ASSIGNED TASK:
Repeat the listing exactly, line by line, and leave the pictures behind.

═════ INFORMATION PROVIDED

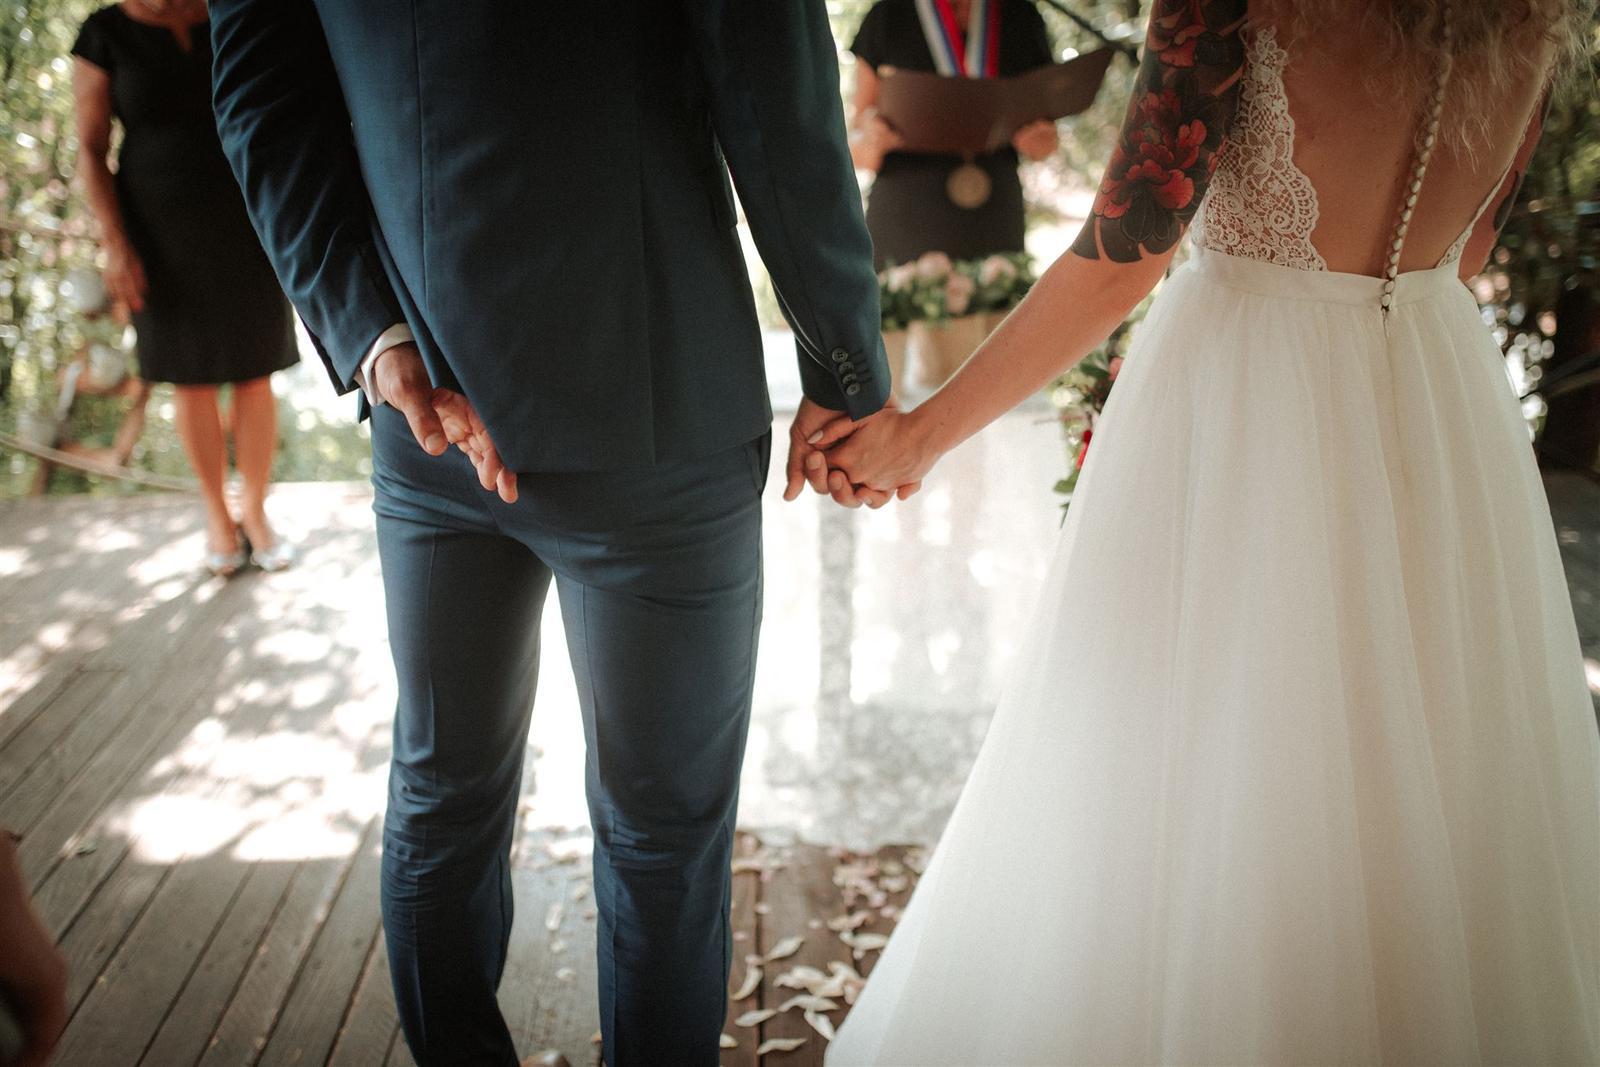 Krásna a romantická svadobná party v záhrade reštaurácie Bistra Dukát - Le Gout v srdci B. Bystrice. - Obrázok č. 14
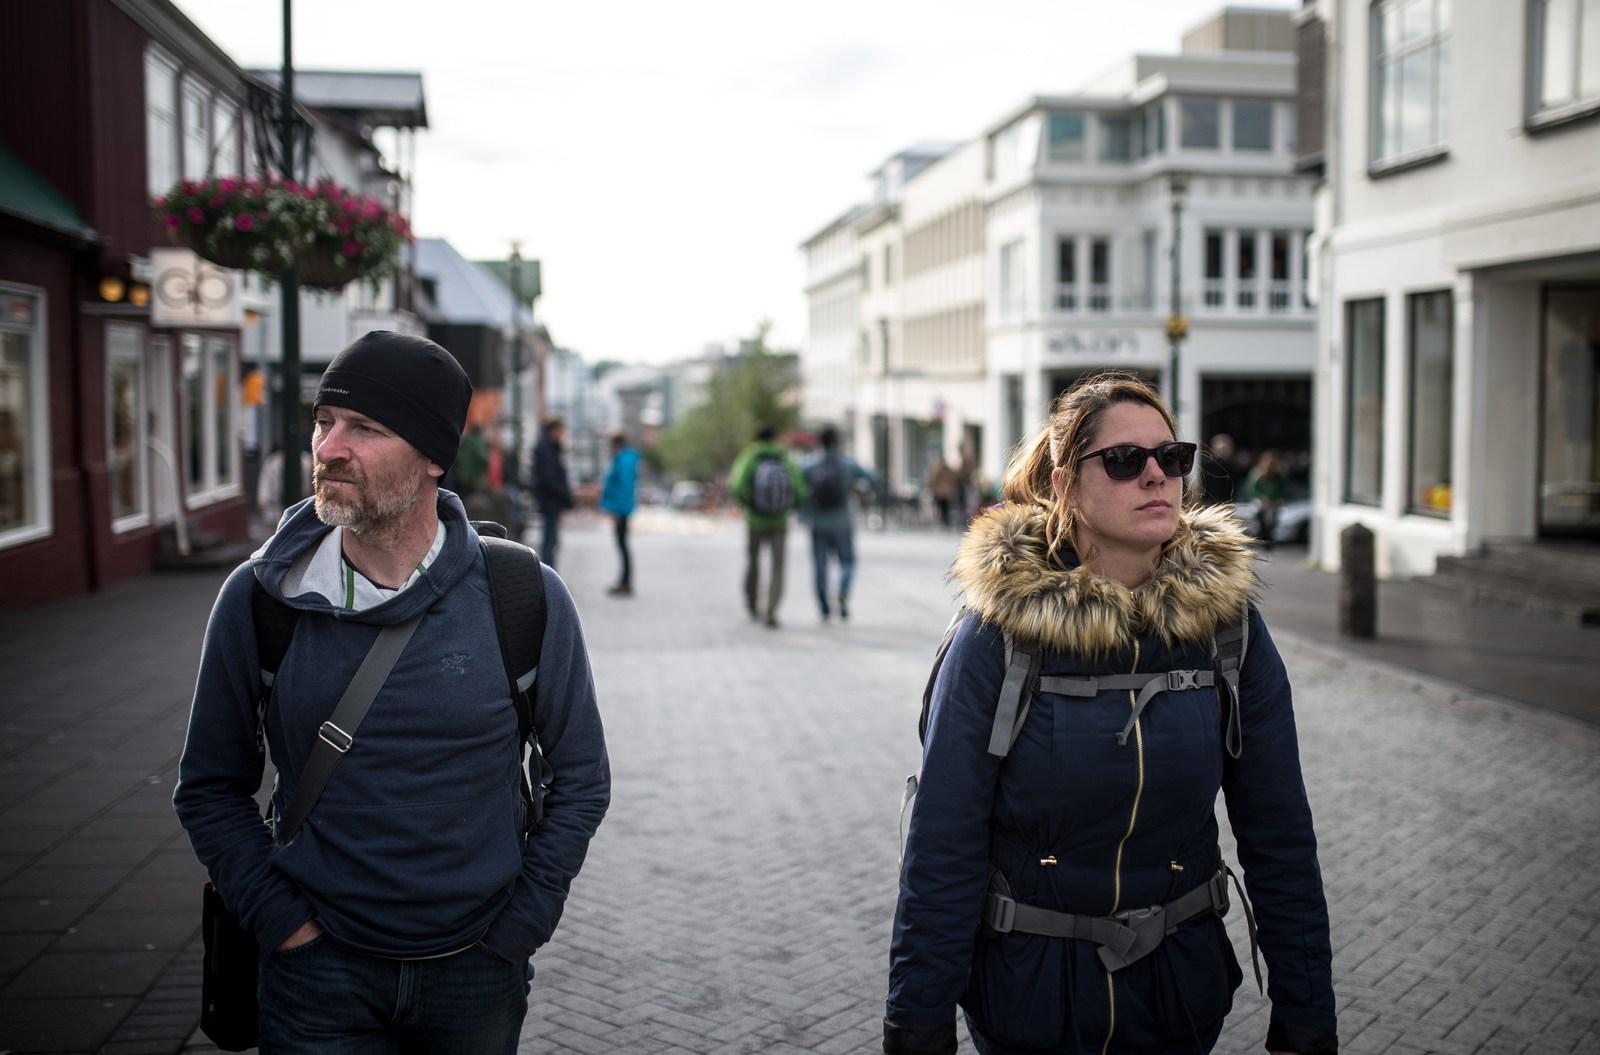 En balade dans Reykjavik  Reykjavik
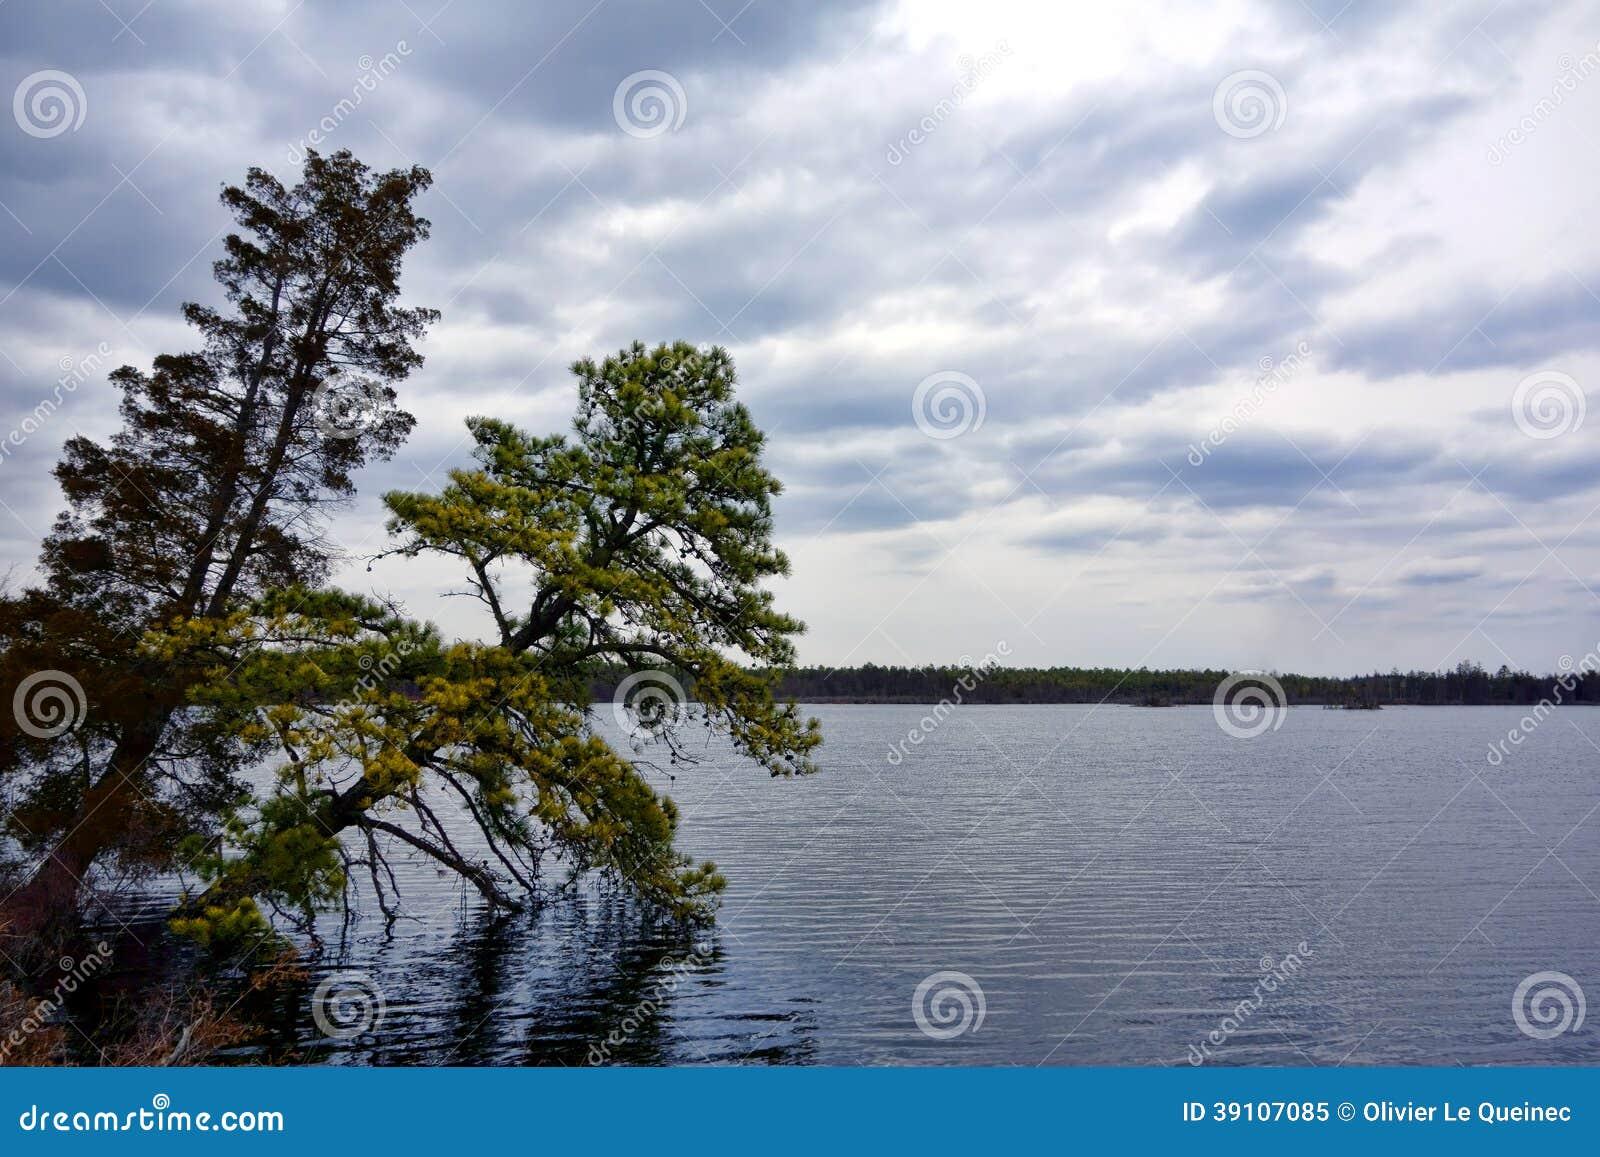 New Jersey Pine Barrens Pinelands National Reserve
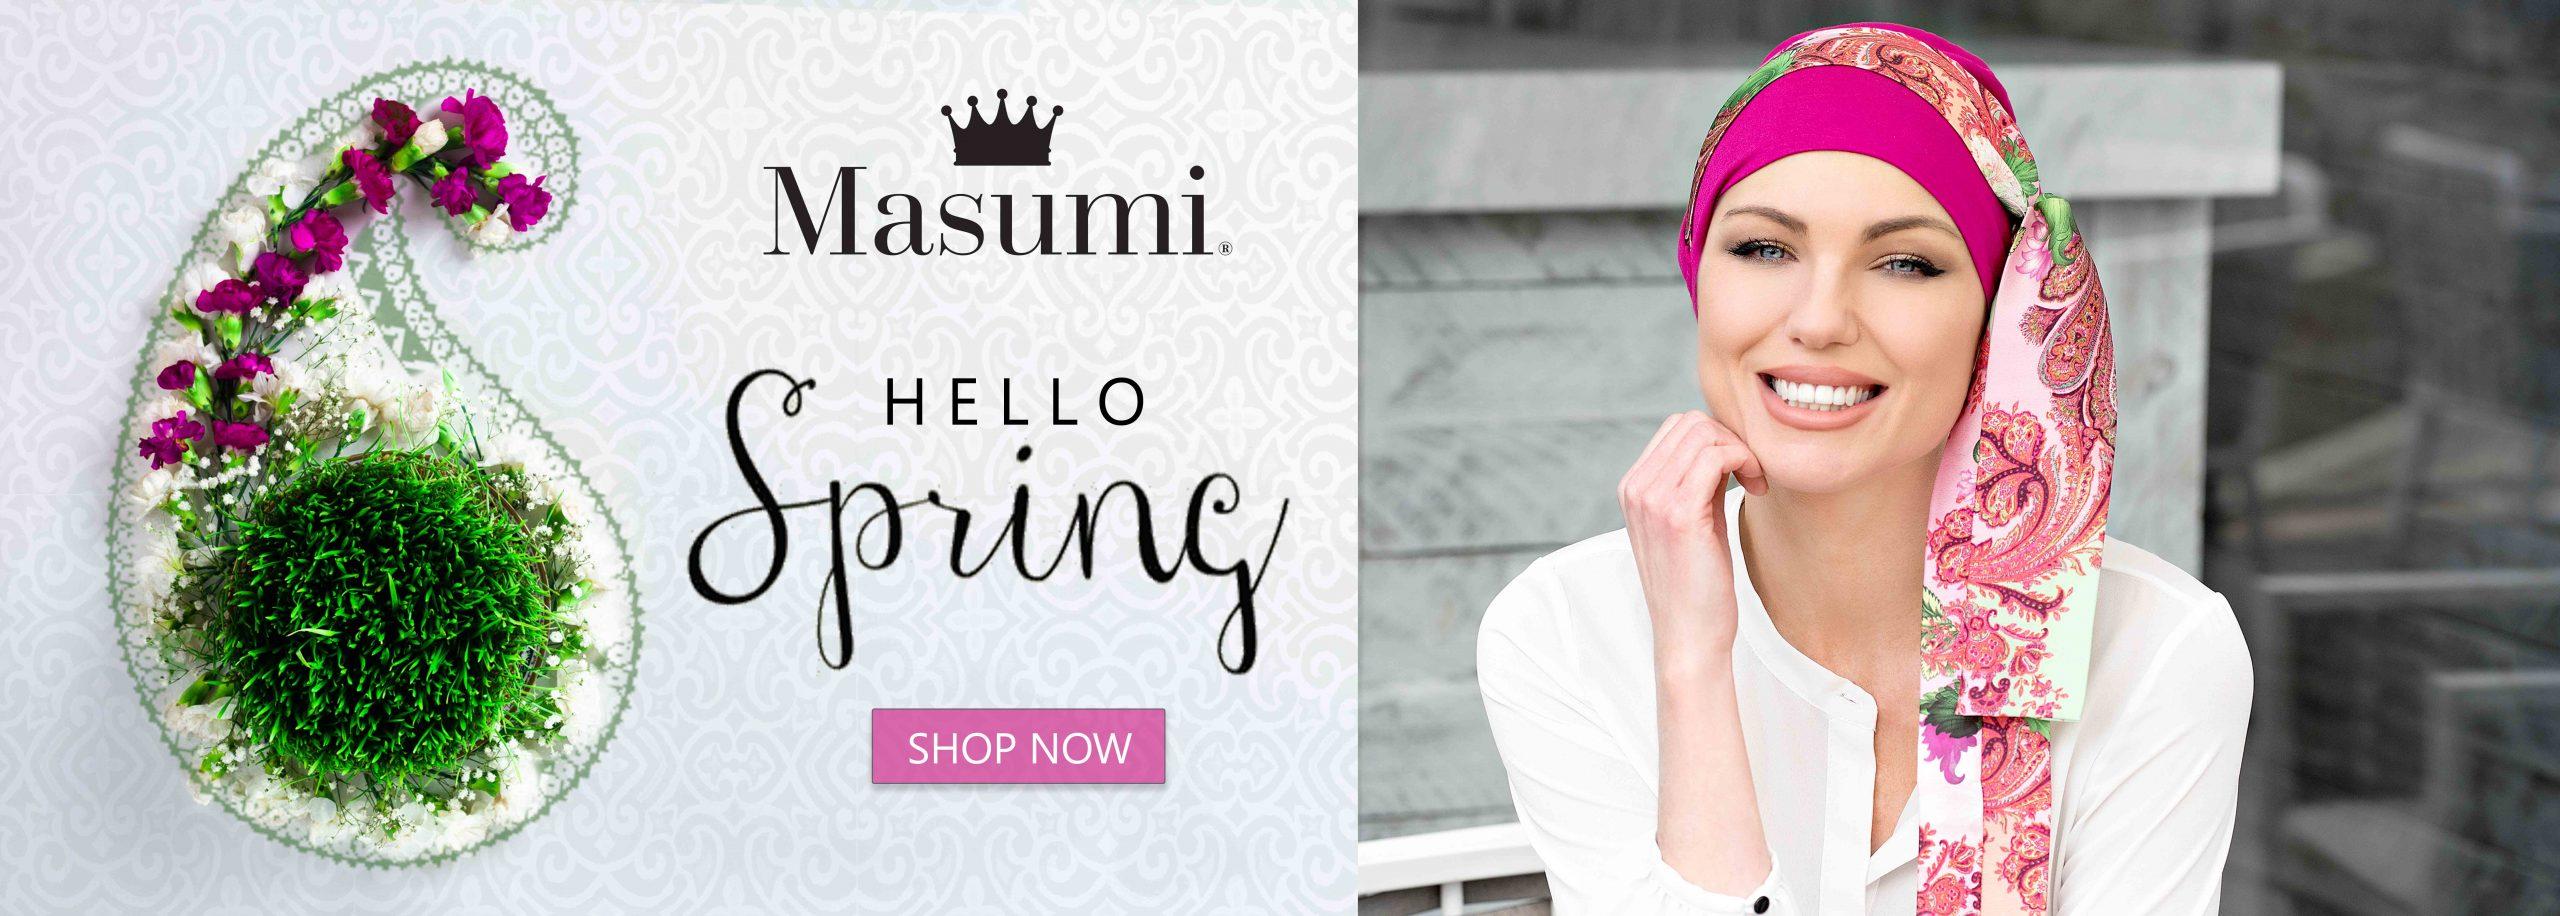 Masumi Headwear Spring 2021 banner

══════════

YOUR SOLUTION:
 Krásna a romantická svadobná party v záhrade reštaurácie Bistra Dukát - Le Gout v srdci B. Bystrice. - Obrázok č. 14
 En balade dans Reykjavik  Reykjavik
 New Jersey Pine Barrens Pinelands National Reserve
 Masumi Headwear Spring 2021 banner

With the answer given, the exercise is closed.